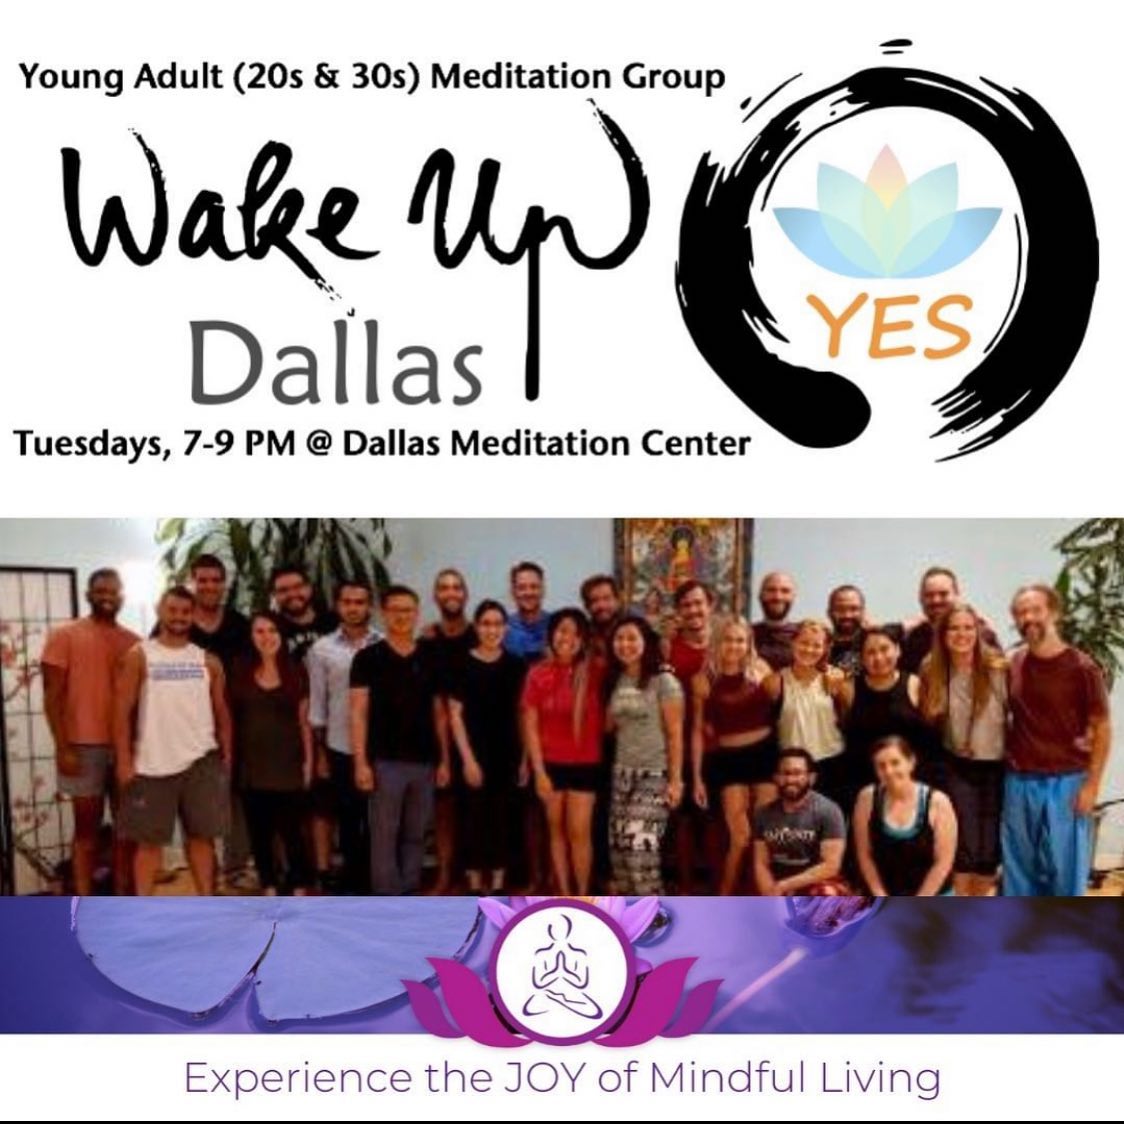 Alex and Nicole will be facilitating our evening and will be sharing excerpts and readings from Thich Nhat Hanh's writings, followed by time for discussion and sharing. 
 
Please note we've also returned back to our regular 7-9pm time for our Tuesday meetings and will continue meeting in a hybrid format. 
 
For those of us attending in-person, the Dallas Meditation Center is located at the following address: 
810 W. Arapaho Road, Suite 98
Richardson, Texas 75080. #dallasmindfulness #dallasmindfulnessteacher #wakeupdallasyes #meditationgroup  #thichnhathanh

※

**Required action:** In the entries above, find the line containing "For those of". Set down that line and every line after it through the last one, exactly and alone.

**Solution:**
For those of us attending in-person, the Dallas Meditation Center is located at the following address: 
810 W. Arapaho Road, Suite 98
Richardson, Texas 75080. #dallasmindfulness #dallasmindfulnessteacher #wakeupdallasyes #meditationgroup  #thichnhathanh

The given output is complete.